Letter: Wolf hunting season not needed by Shirley Clements
Editor:
Wisconsin’s hasty wolf season is based on fraud.
The federal government named tribes and wildlife professionals to manage wolves. Politicians are neither, yet secretly authored the Wolf Management Act.
In surveys, the large majority would accept a “season designed to reduce depredation,” targeting problem wolves in farm/wood areas, satisfying experts, Native American tribal leaders, the public and farmers. Careful, selective population reduction.
But politicians chose to satisfy a small fraction of hunters.
Politicians (ignorant of species’ preservation) wrongly wrote detailed wolf legislation with bear hound hunters (hostile and threatening to wolves) who receive special “dog payments” for hound depredation claims. Payments the public opposes due to loose compensation rules.
Indiscriminate statewide killing does nothing to help farmers and everything to help frustrated hunters, eager to kill wolves for no valid reason except for “fun,” a fur hat or wall hanging, or revenge for protection wolves received.

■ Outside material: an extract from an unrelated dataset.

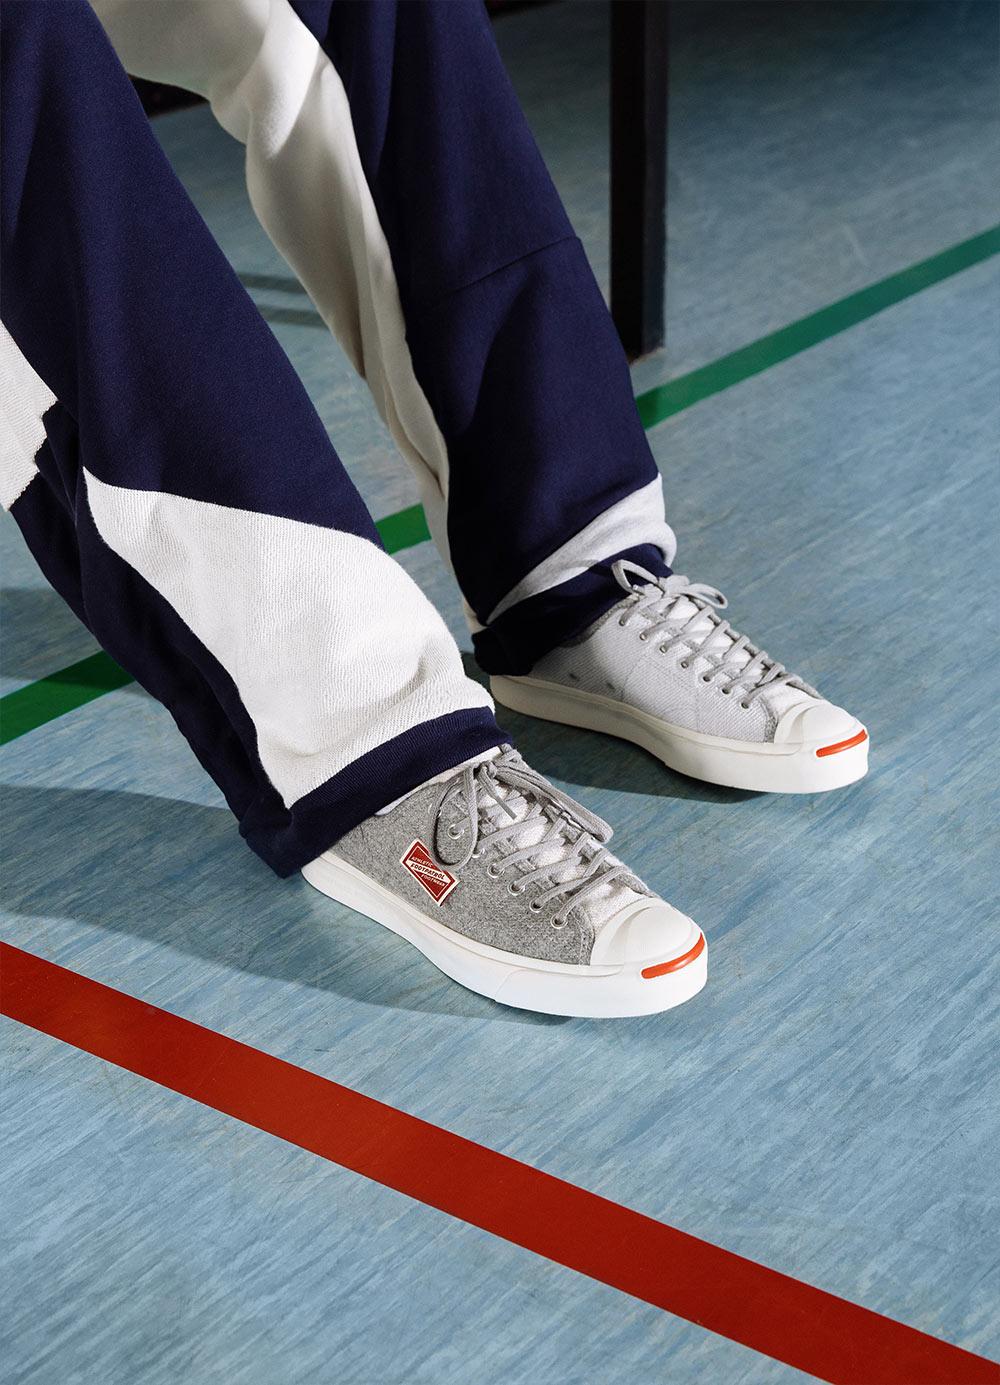 CONVERSE-X-FOOTPATROL-Blog-3.jpg

Livestock depredation is deceptively exaggerated.
Verified depredation actually involves a small amount of farms and wolves, costing $15,500 last year. The only compensation payments the public supports.
But taxpayers also paid $191,000 for “missing calves” (alleged, requiring no evidence of wolves). Lax compensation rules enable fraud. Last year, an unbelievable 257 calves “disappeared.” Normally, the number ranges from zero to 25. The Department of Natural Resources told me “Two farms had skewed the numbers.” (This suspiciously bloated wolf damage year comes right before legislators introduced a wolf season bill.)

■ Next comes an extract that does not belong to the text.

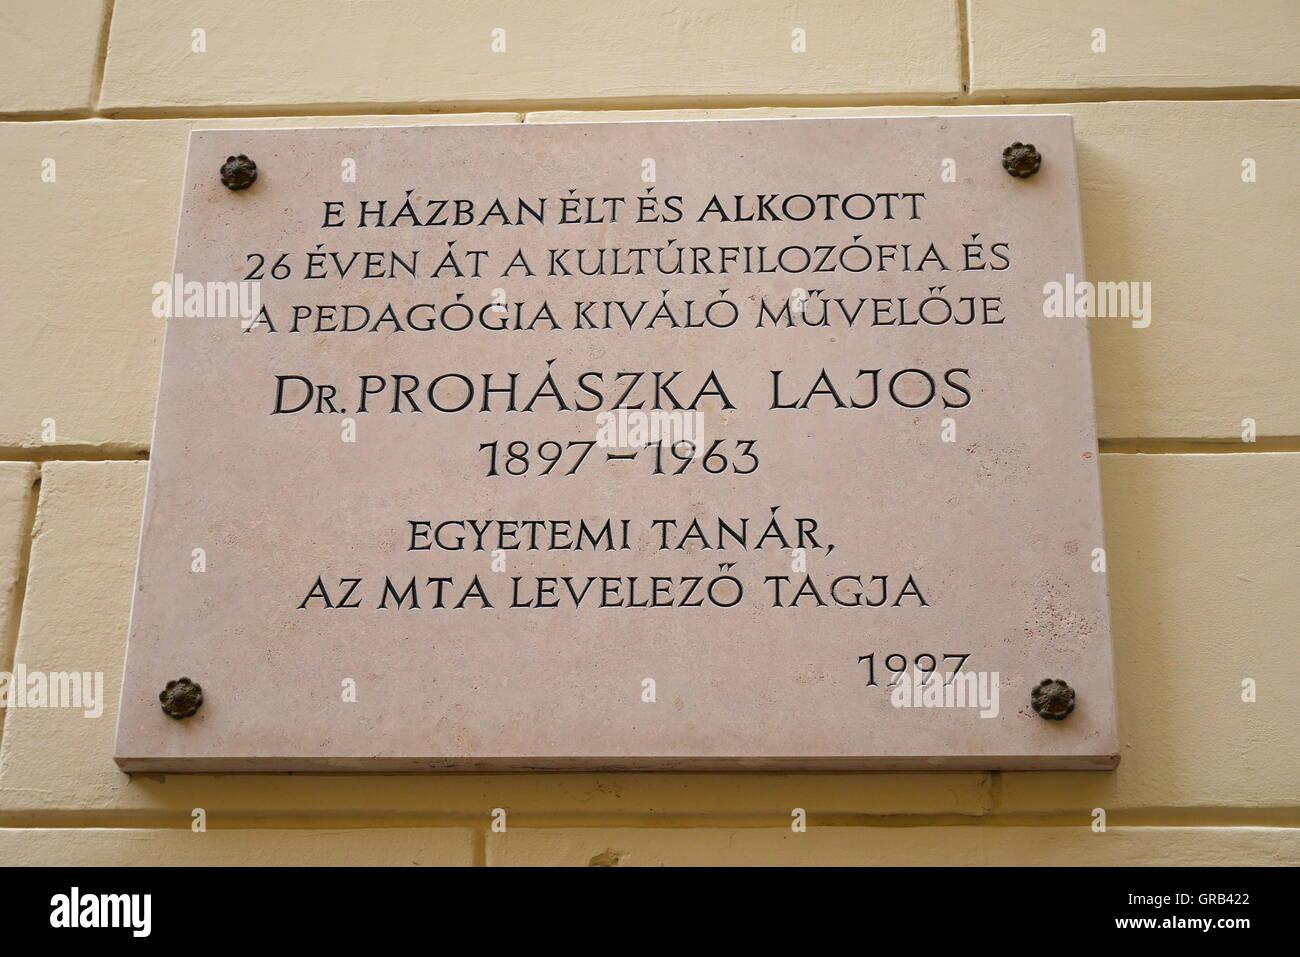 Commemorative plaque to university  professor Dr Lajos Prohaszka, Castle District, Budapest, Hungary - Stock Image

Human threat is deceptively exaggerated and is actually almost nonexistent. Scary fairy-tales must be spread that are never reported or verified, though anyone can call for help because liberal lethal and non-lethal control methods exist.
Deer are not decimated by wolves.
Wisconsin has 1.14 million deer that have more than doubled since wolf migration. Eight hundred wolves eat a meager amount, about 13,600 deer annually. Valuable wolves discern and eliminate weaklings and suppress disease, strengthening the deer herd. Wolves keep deer moving, avoiding over-browsing, maintaining forest biodiversity.
Blame wolves for unsuccessful deer hunting when it is lack of effort or just bad luck. Hunters were recently criticized (Kroll Report) for wanting so many deer the herd would destroy the landscape.
Key legislators acted secretly, dishonestly and undemocratically to achieve this aggressive season and do not deserve public office.